Où va la mode non binaire à partir d'ici

Quand Harris Reed grandissait en Arizona, on le retrouvait parfois en train de danser avec sa mère, vêtu de ses robes, un boa rose géant autour du cou. Selon ses propres termes, il se sentait invincible, même lorsqu'on lui avait lancé des insultes homophobes dans la cour de récréation plus tôt dans la journée. Transposé dans sa vie universitaire à Londres, la mode devenait souvent le doigt d'honneur ultime pour ses harceleurs. « J'aime défier et pousser les gens », explique Reed, aujourd'hui directeur artistique de Nina Ricci et de sa marque éponyme. « Courir dans le bus avec des bottes à plateformes ou des chemisiers amples et des pantalons en lamé doré – voir les gens provoqués – les aide vraiment à se demander pourquoi ils sont si contrariés. Plus on voit des hommes, des femmes, des personnes transgenres et des personnes non binaires repousser les limites de la mode, plus cela suscite le débat. »
C'est un peu comme vendre du shampoing pour hommes et du shampoing pour femmes. C'est la même chose, avec les mêmes ingrédients et le même prix, et pourtant, on trouve des moyens de créer des barrières pour savoir qui devrait acheter un produit et qui ne devrait pas.
Pour beaucoup, Reed y compris, la mode a toujours été un lieu de bouleversement des normes de genre. Cette saison, lors de défilés comme ceux de Tanner Fletcher , Jil Sander , Palomo Spain, Willy Chavarria et DSquared2, cet esprit a envahi les podiums avec une force fluide. Pour l'automne 2025, Prada a mêlé nœuds féminins et formes carrées , juxtaposant féminité traditionnelle et silhouettes masculines. Cependant, d'autres poids lourds ont retrouvé la forme, adoptant une approche binaire plus stricte et rigide. Reste à savoir s'il s'agit d'une réaction au recul des droits LGBTQ aux États-Unis sous la deuxième administration Trump. Mais une chose est sûre : la mode et les questions de genre n'ont jamais été aussi étroitement liées.

Jil Sander automne 2025.
Malgré leurs inquiétudes quant à l'état du monde, de nombreux créateurs restent attachés à la création non genrée, à la fois par souci de rentabilité et par impératif moral. Pour Tanner Fletcher, c'est un pilier de la marque. « C'est un peu comme vendre du shampoing pour homme et du shampoing pour femme. C'est la même chose, avec les mêmes ingrédients et le même prix, et pourtant, on trouve le moyen de créer des barrières entre ceux qui devraient acheter un produit et ceux qui ne devraient pas l'acheter », explique Tanner Richie, co-créateur. « Je pense qu'il est important pour les créateurs de dépasser les barrières de genre, car elles ne sont rien d'autre qu'une barrière. » Christian Siriano , qui s'est récemment lancé dans la mode masculine, a également trouvé des avantages à se débarrasser de la question du genre. « Nous avons vendu aux femmes une grande partie des vêtements du défilé que nous venions de présenter sur des modèles masculins. Certains de ces costumes et tenues complètes [pour femmes] que nous avons créés sont également achetés par les hommes », explique-t-il. « Nous voulions voir si les gens achèteraient réellement une veste courte rouge irisée et un pantalon très ajusté, et c'est ce qu'ils ont fait. »
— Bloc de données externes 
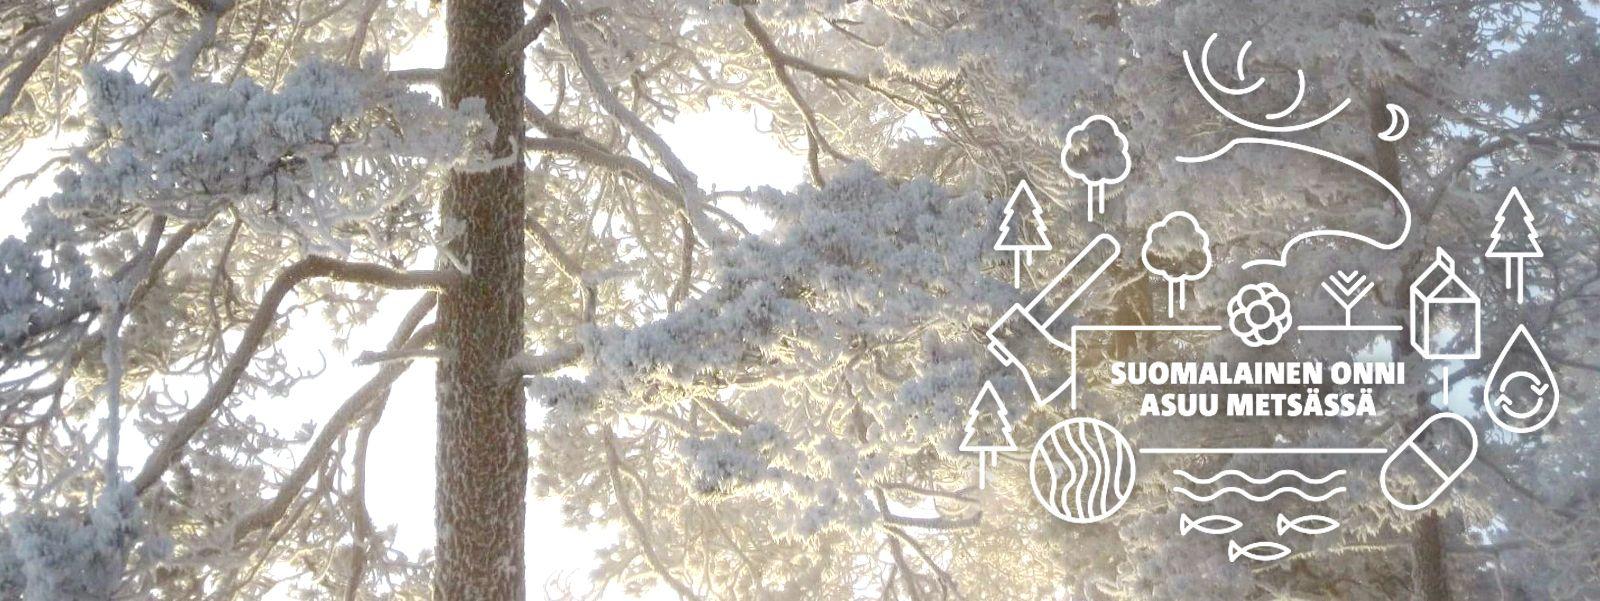 Suomalainen onni asuu metsässä -teema kertoo metsien merkityksestä satavuotiaassa Suomessa – ja sen tulevaisuudessa. Metsäyhdistys etsii teeman kunniaksi 100 syytä mennä metsään. Myös Mets�

Palomo Espagne printemps 2025.
Le créateur Willy Chavarria, dont le premier défilé parisien a fait grand bruit, prône une approche floue des genres et une mission de justice sociale. Il explique s'engager dans un plan en trois volets pour intégrer les communautés sous-représentées dans son travail : « s'associer à d'autres partenaires créatifs pour diffuser des messages plus percutants, être vigilant quant à ma propre expression et mettre le volume dans tout ce que je fais. » Reed partage l'avis de Chavarria, affirmant qu'il est temps d'être « audacieux et audacieux, sans avoir peur, car je pense que beaucoup de gens ont peur d'être eux-mêmes. »
Alors que de nombreuses marques adoptent une attitude défensive et s'accrochent à des codes binaires rigides, d'autres entendent les contrer plus que jamais, en permettant à chacun de s'exprimer à travers ses vêtements. « Au final, il s'agit de donner à chacun la liberté de se définir comme il l'entend, sans être limité par les attentes sociétales », affirment Dean et Dan Caten de DSquared2. « Les défilés sont une plateforme incroyable pour remettre en question ces conventions et susciter le débat. C'est un pas audacieux vers un avenir où la mode est véritablement accessible à tous. »
Une version de cette histoire apparaît dans le numéro d'été 2025 d'ELLE.